At the risk of backtracking, the banking crisis, which has now spread from the US to Europe, appears to have been (again) contained.
This is thanks to the sheer number of measures that financial regulators and central banks on both sides of the Atlantic have used to boost confidence. And these are not just empty promises. For example, four days after the Fed rolled out its term bank financing program — which lends banks money for a year in exchange for high-quality guarantees — financial institutions have already borrowed $11.9 billion from the program. Whether this figure exposes an intrinsic weakness in banks’ balance sheets is not really the point. The important thing is that consumers and investors are psychologically reassured.

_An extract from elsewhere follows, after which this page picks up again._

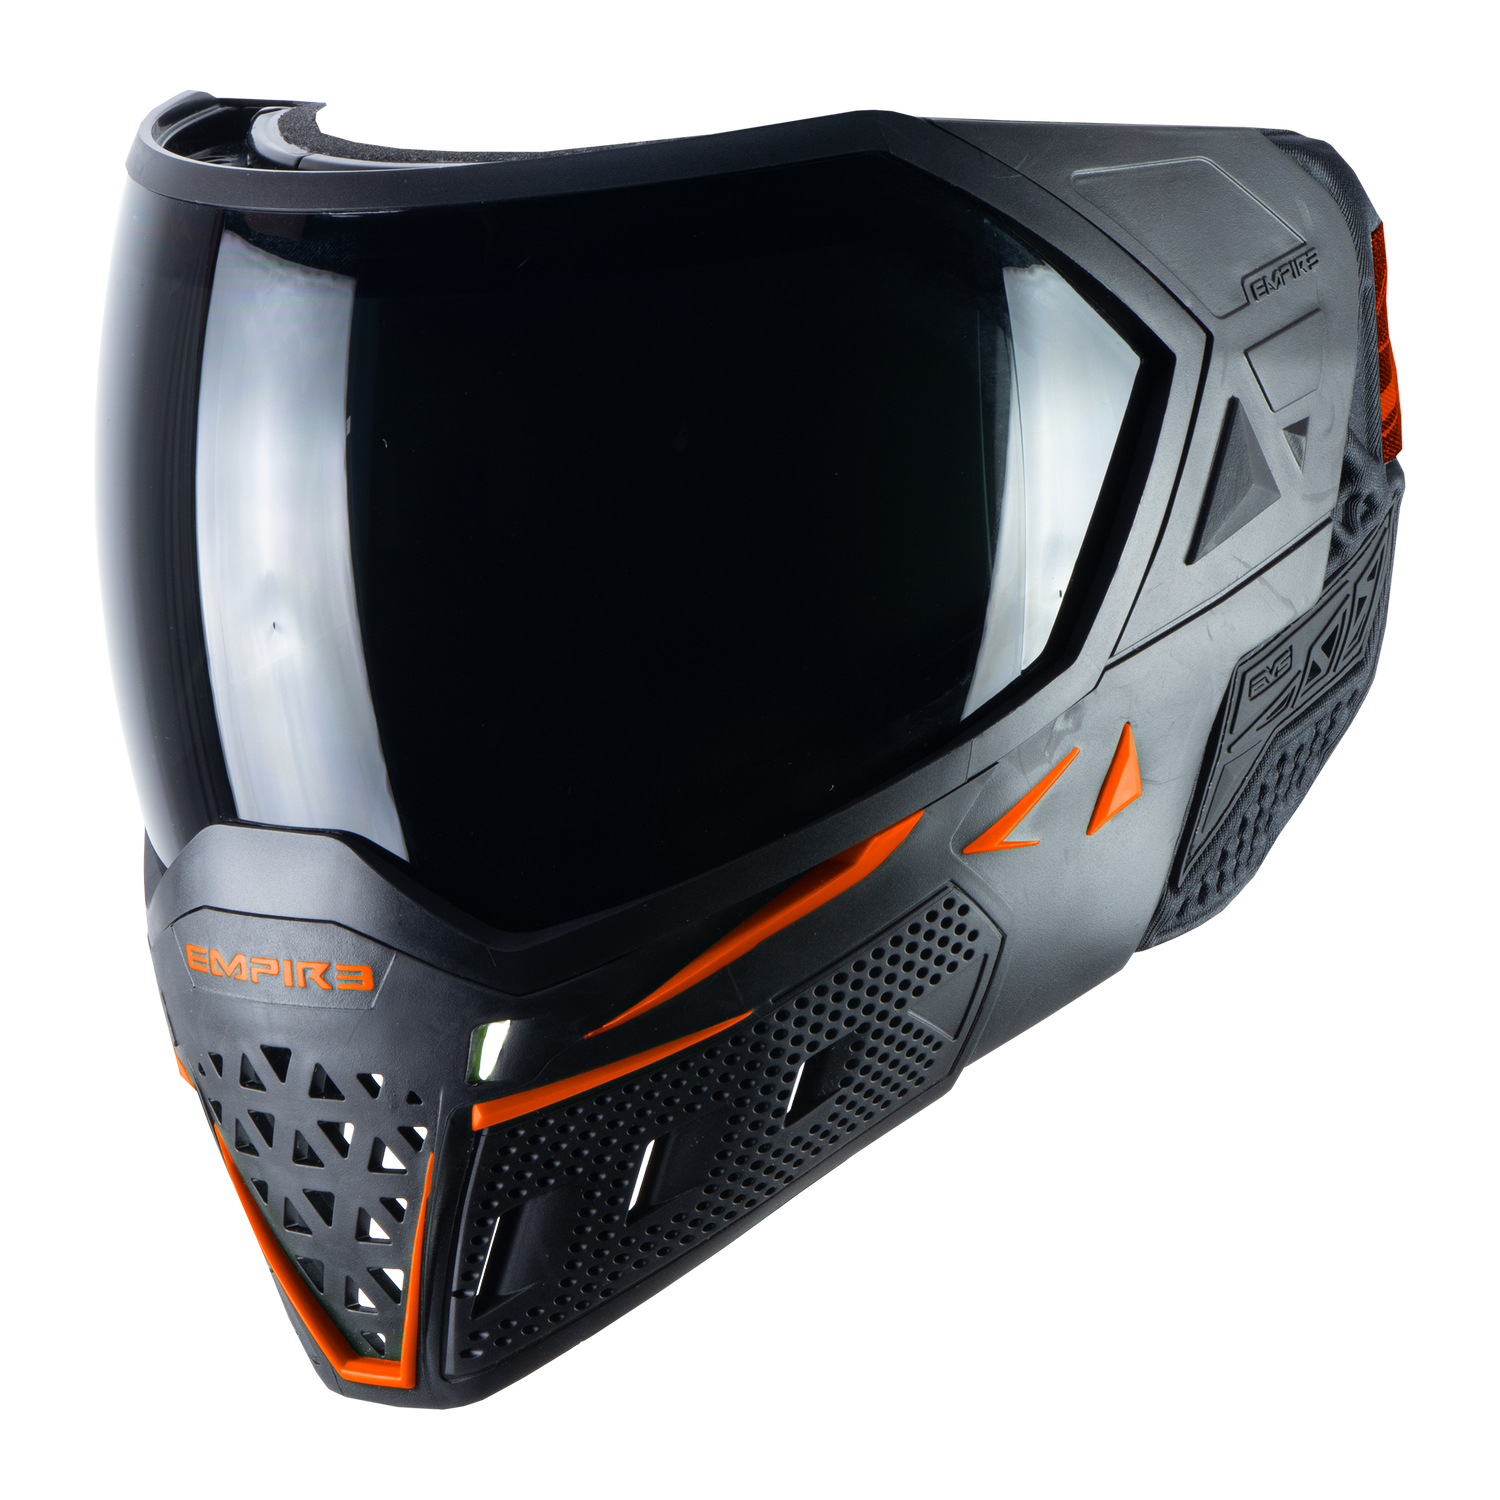  Orange - Thermal Ninja Lens - Eminent Paintball And Airsoft

Wall Street rejoiced at the rapid response to the banking crisis. The Dow Jones Industrial Average rose 1.17%, the S&P 500 rose 1.76%, and the Nasdaq surprised by jumping 2.48% – tech stocks had a good Thursday. Alphabet rose 4.38%, Amazon rose 3.99% and Microsoft rose 4.05%. Microsoft stepped up after the company announced it would add artificial intelligence features, called Copilot, to apps like Word, Powerpoint, and Excel. But other tech giants may have risen because investors have been betting that — now that there is evidence that something is breaking in the economy — the Fed may not be as aggressive in raising interest rates. That would benefit tech companies the most.
It would also benefit the overall economy, which according to Goldman Sachs has a 35% chance of entering recession in the next 12 months – up from 25% before the banking crisis hit. The Fed’s two mandates, namely to stabilize the economy and fight inflation, increasingly contradict each other. It will not be an easy task.